Line 1 to 8 is doing include jobs. First of all, we need to have OpenCV installed, to install and use OpenCV in c++ please see this post. Then we load the JSON model in line 16. We have accomplished half of the job, but the important part of the code is still remained, reading image and applying preprocess. We must feed the model with (128,128) single channel image that is normalized to [0-1] for each pixel. In line 21 we read the image in grayscale mode, then resize it in line 24. The normalization part still remained. We will do it when we are converting the image matrix to tensor. The tensor_from_bytes function in frugally-deep library does it for us in line 28. It takes 6 input parameters, first one is the image matrix pointer, the second and third parameters are the image height and image width. Fourth parameter is the number of channels. And very important last parameters are intended to re-scale the channel values from range [0, 255] to [low, high] in which the low and high must be specified with fifth and sixth parameters.

Finally we pass the input tensor to predict function, maybe you ask why we give it within {}, the answer is : frugally-deep supports models with multiple inputs , so we give each input in {}, separated by comma. The predict function output a tensor array that each element shows the corresponding class probability.

Congratulations!
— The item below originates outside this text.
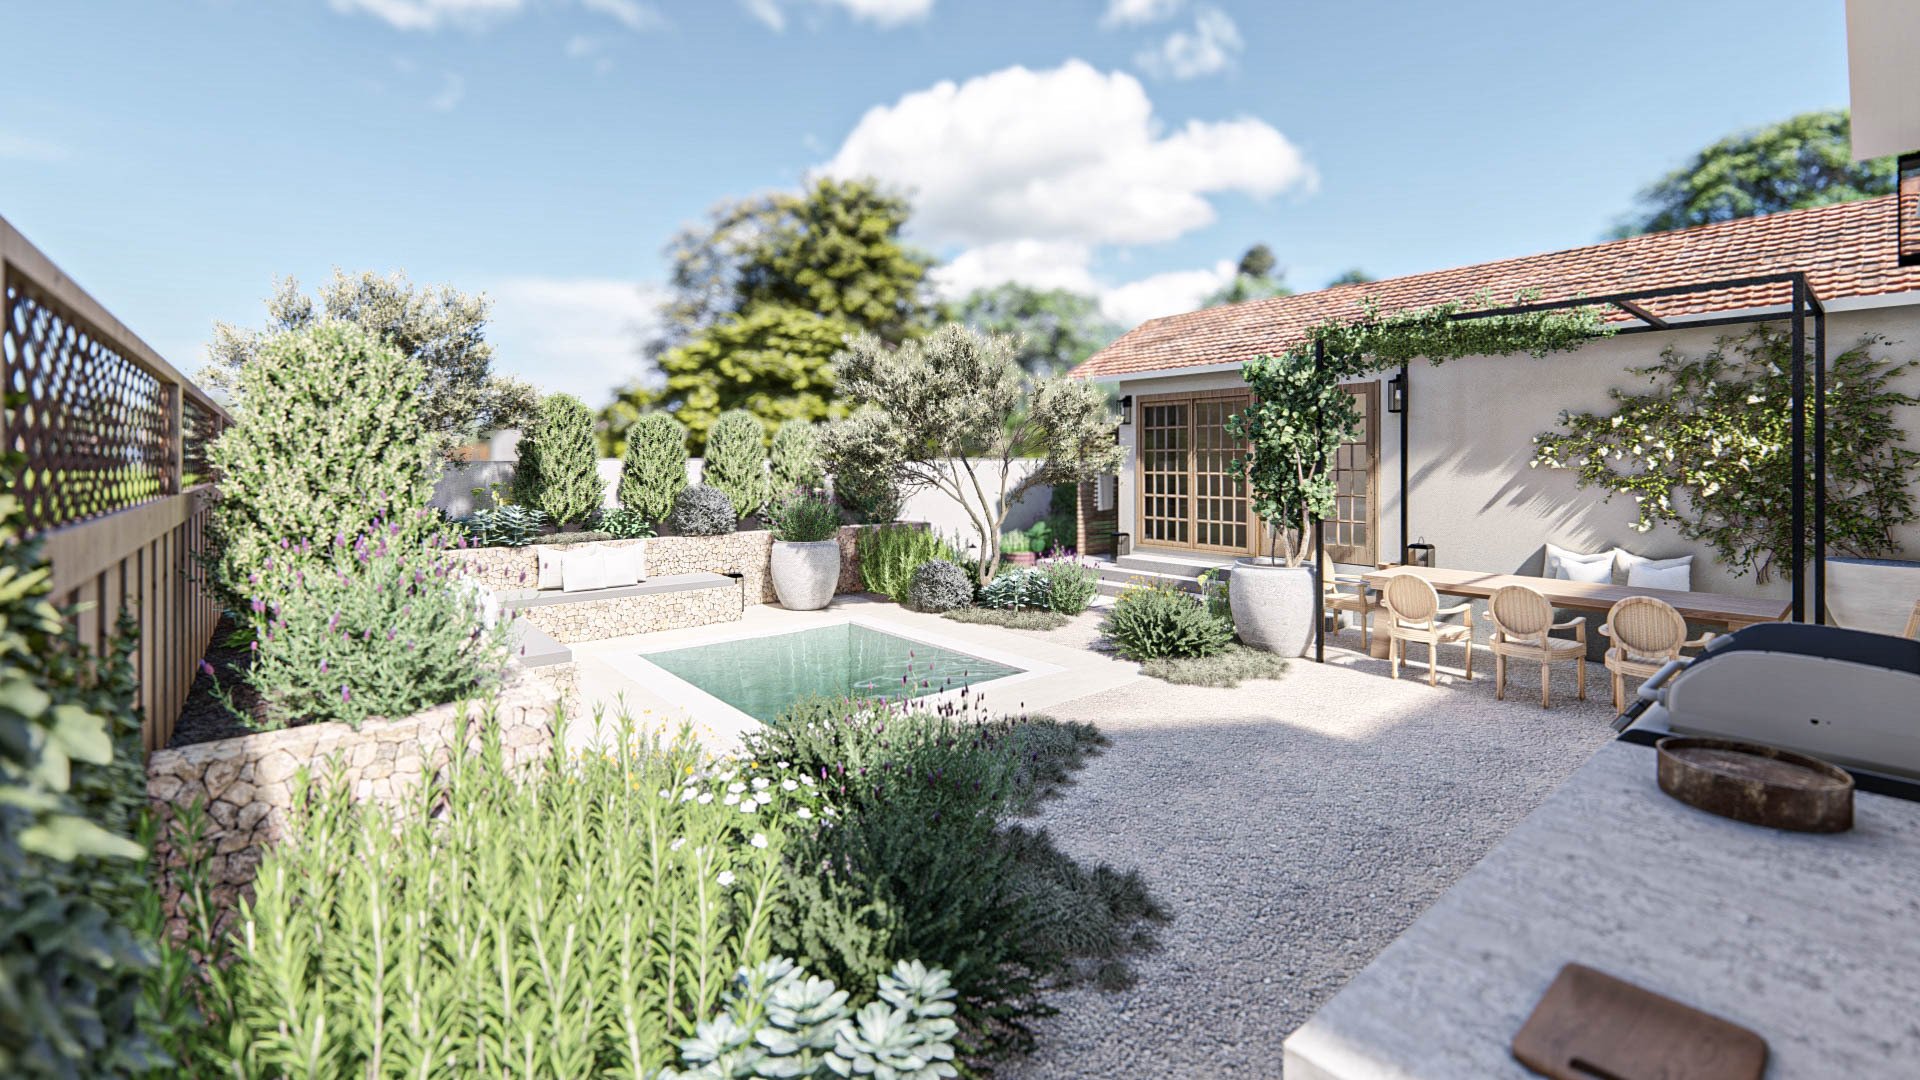 Fenced yard with plunge pool, a sitting area under pergola, pea gravel floor, and plants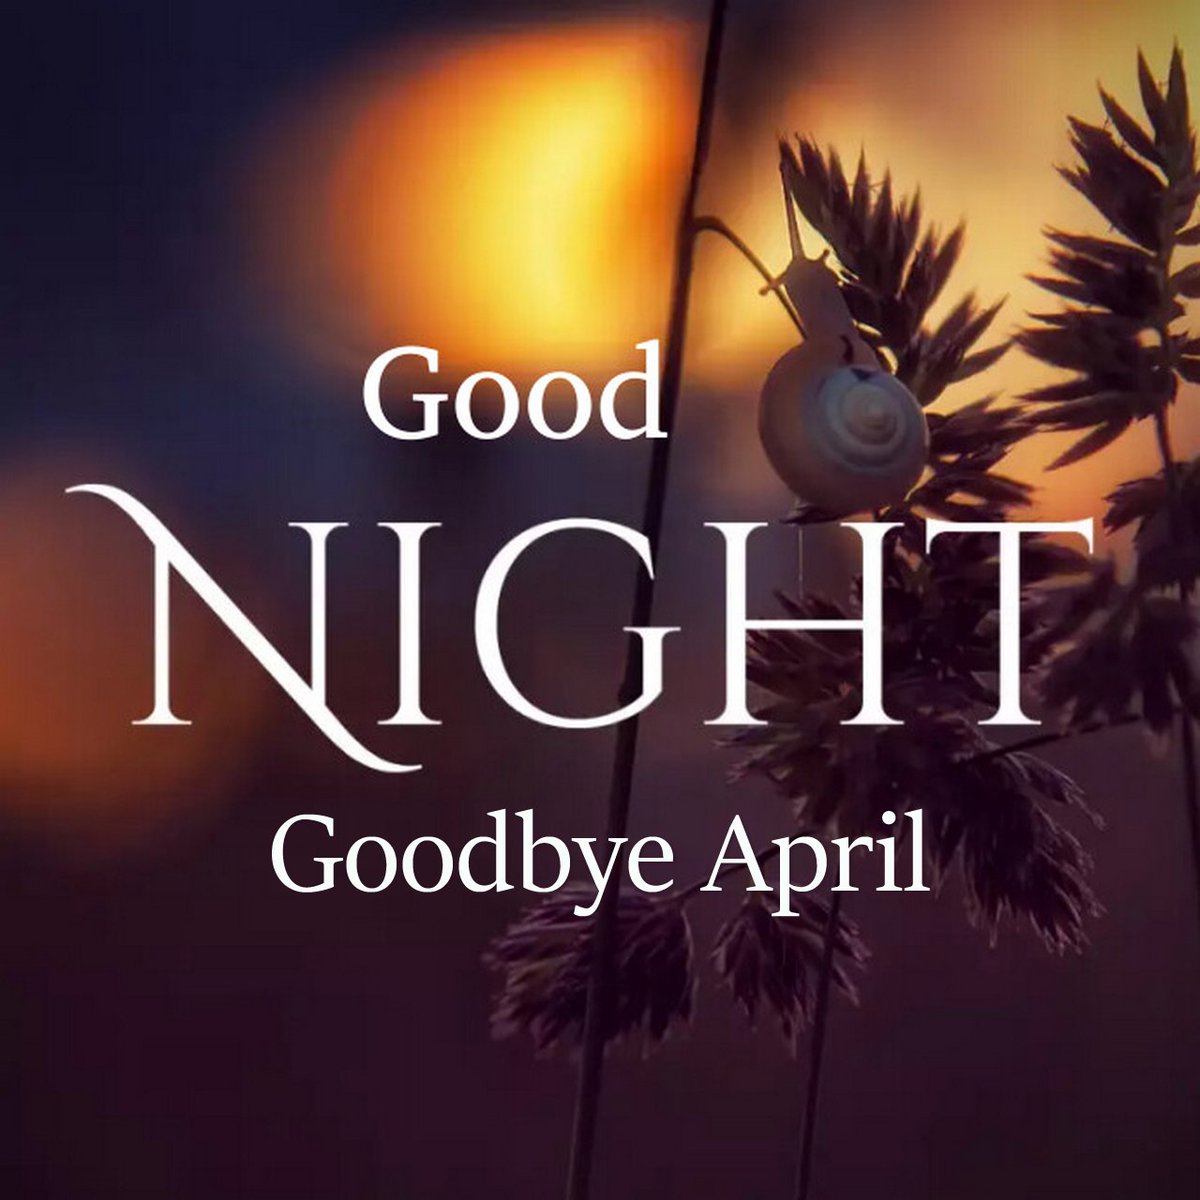 - The month of April ends, a new month begins and the heart full of plans... Gratitude for what ends and faith in what is to come! Sleep well! Sweet dreams! -

You have made your way to the end of this short journey. Our CNN model was trained in python, converted, and then used in C++.

Although using frugally-deep in your c++ project can be funny, you should know its pros and cons :

Pros

• Performance: Since it’s a C++ library, it can offer better performance compared to running the same model in Python.
• Deployment: Useful for deploying models in environments where Python is not an option (e.g., embedded systems).

Cons

• Complex Models: There might be limitations in terms of the types of models and layers supported compared to running directly in Keras with TensorFlow.
• Updates: Keeping up with the latest changes and features in Keras and TensorFlow might require updates to frugally-deep.

Thank you so much for reading this post!